Es ist doch so, dass sich unsere Arbeitswelt insgesamt, aber gerade die Arbeitswelt in den Medien rasant verändert und wir immer mehr, wenn wir auf die Produkte sehen, mit Leuten kooperieren müssen, die uns eigentlich – und zwar gilt das für alle – fremd sind. Plötzlich hat man Programmierer in einem Journalistenteam, um Datenjournalismus machen zu können. Oder man hat Grafiker, um irgendwelche User-Interfaces gescheit umsetzen zu können. Oder man hat Mediengestalter, die allein von der Seite der Inhalte kommen und helfen, die Sachen überhaupt auf die Straße zu bringen. Unsere organisationsentwickelnden Maßnahmen haben sich als extrem fruchtbar erwiesen. Bis hin zu dem Thema, das Sie ja selbst am allerbesten kennen: die Tatsache, dass wir unser erweitertes Direktorium selbst in Organisationsentwicklung weitergebildet haben, was ja erst mal „strange“ ist, – als hätten die Leute keine anderen Sorgen – hat diese Führungsgruppe noch sehr viel stärker miteinander verbunden, miteinander in den Austausch gebracht und sehr viel kompetenter gemacht. Das hat die Atmosphäre noch mal verändert.
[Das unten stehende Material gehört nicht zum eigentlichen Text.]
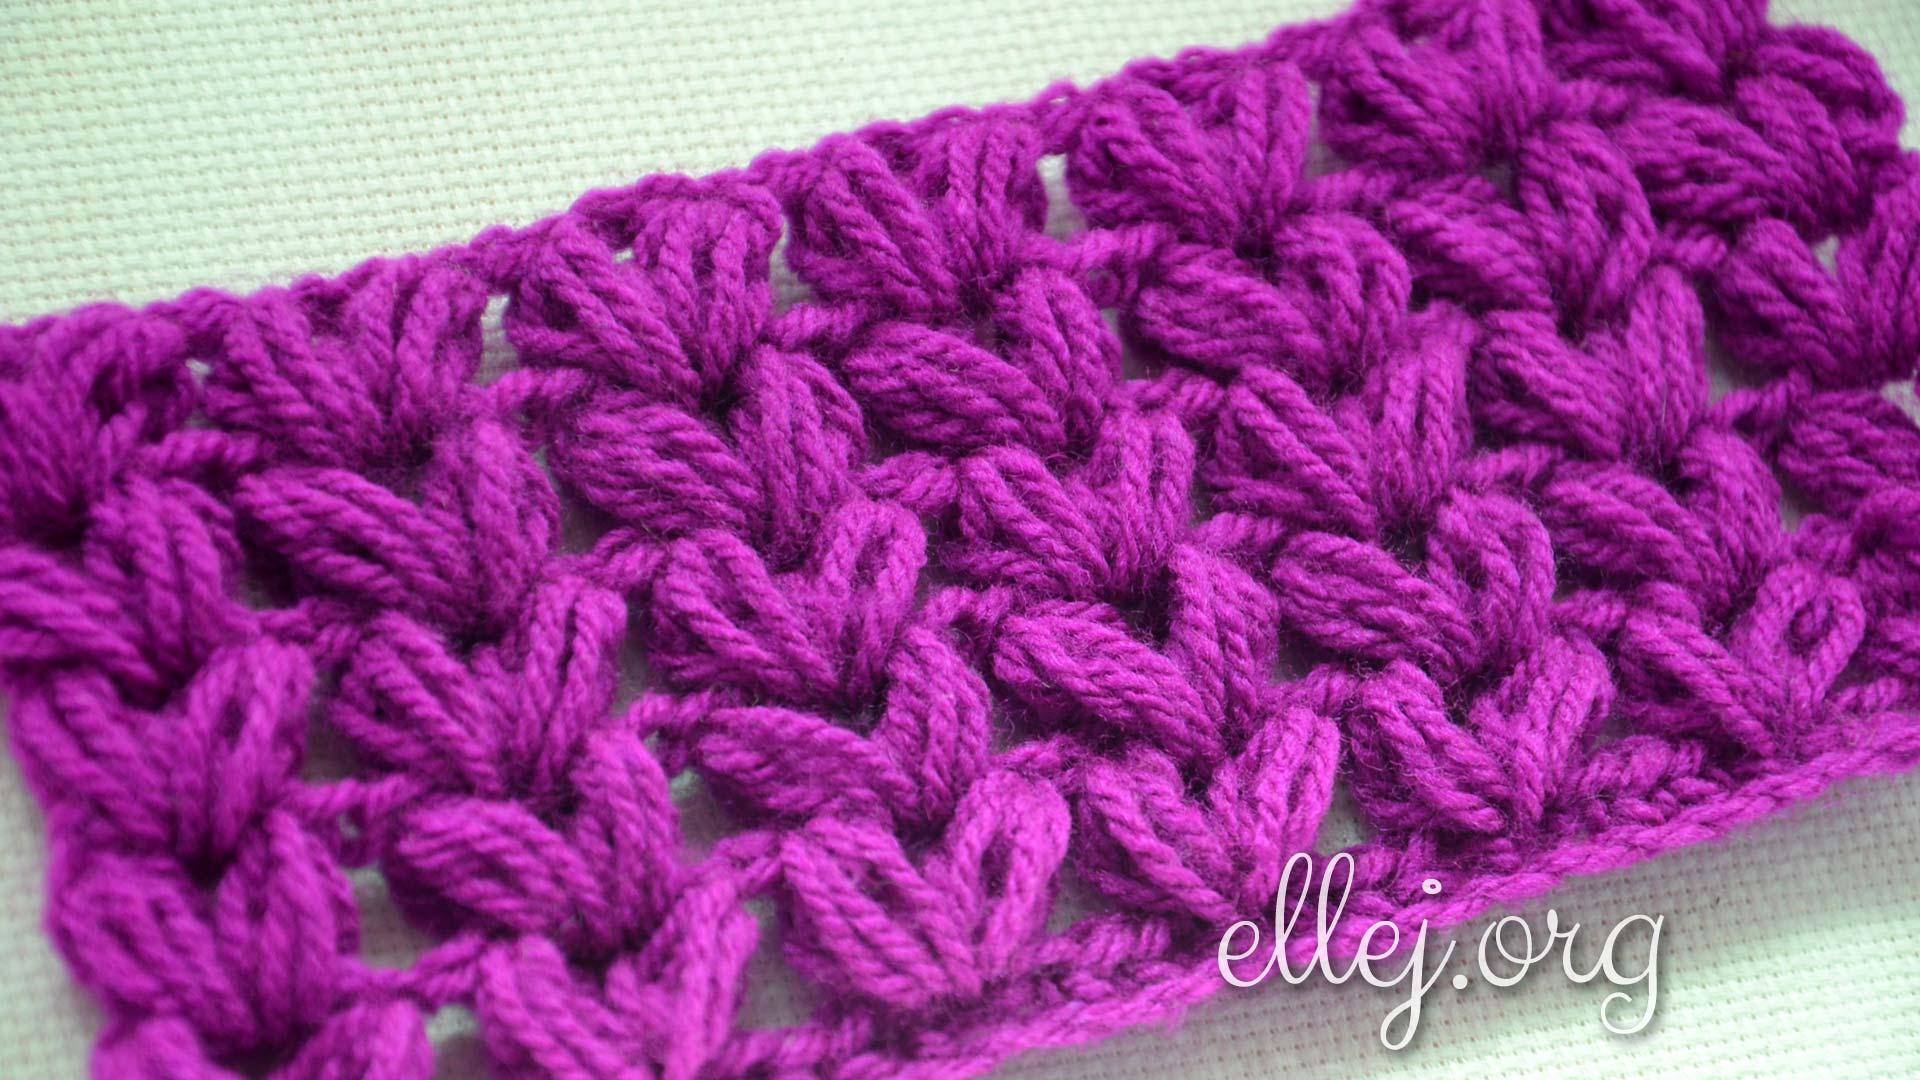 Puff Crochet Stitch Tutorials Instructions

(Überlegt) Also, da gibt es eine ganze Menge Sachen: Weil wir klein sind, weil wir arm sind, weil wir Lösungen brauchen, die außerhalb des Finanziellen liegen, sind wir in vielen Sachen einfach früher dran als andere. Das geht los damit, dass wir eine Produktionstochter haben, und das geht weiter damit, dass wir eine Inhalte-Direktion und transparente Budgets für alle unsere Produkte haben. Gehen Sie mal in andere Häuser und fragen, was eine Sendung wirklich kostet! Ich finde das immer wieder schockierend, wie gering ausgebildet Steuerungsmöglichkeiten in anderen Häusern sind, weil die ganz vieles einfach nicht wissen! Bis hin zu den Kulturthemen, wo wir eben, wie beschrieben, Kooperation bewusst bearbeiten und fördern – bis hin zu Produkten, die wir machen. Wir haben 0,75 Prozent des Fernsehvertragsschlüssels: Das ist ungefähr unser spezifisches Gewicht in der ARD – weniger als 1 Prozent! Wir haben eine Sichtbarkeit und eine Wahrnehmung, die einem Viel-, Viel-, Vielfachen von dem entspricht. Ja, warum ist das so? Weil wir auf andere Art und Weise arbeiten, als die meisten anderen das tun!
Insofern glaube ich, gibt es ganz vieles, was man von Radio Bremen übernehmen könnte. Diese Art von Wissenstransfer passiert aber nur sehr, sehr zögerlich.
(lacht) Wir hatten mal eine Klausur, die eigentlich eine Inhalteklausur war. Die ist von einem externen Berater moderiert worden. Ich habe mich dann später mal mit ihm unterhalten und er sagte: Sie sind ja vielleicht ein disparater Haufen! Das stimmt auch: Wir sind ein disparater Haufen! Auch das ist besser geworden und die Qualität unserer Diskussionen hat in den letzten Jahren stark zugenommen. Aber ich sag mal, das könnte man natürlich noch ganz anders machen. Das ist nur schwierig, weil da auch Leute sitzen, die sagen: Also, dafür ist meine Zeit doch zu schade. Da gibt es keine Bewusstheit, dass das allen nützen würde. Und insofern – der Meta-, der Helikopter-Blick auf das, was wir da treiben, den nimmt in dieser Gruppe niemand ein.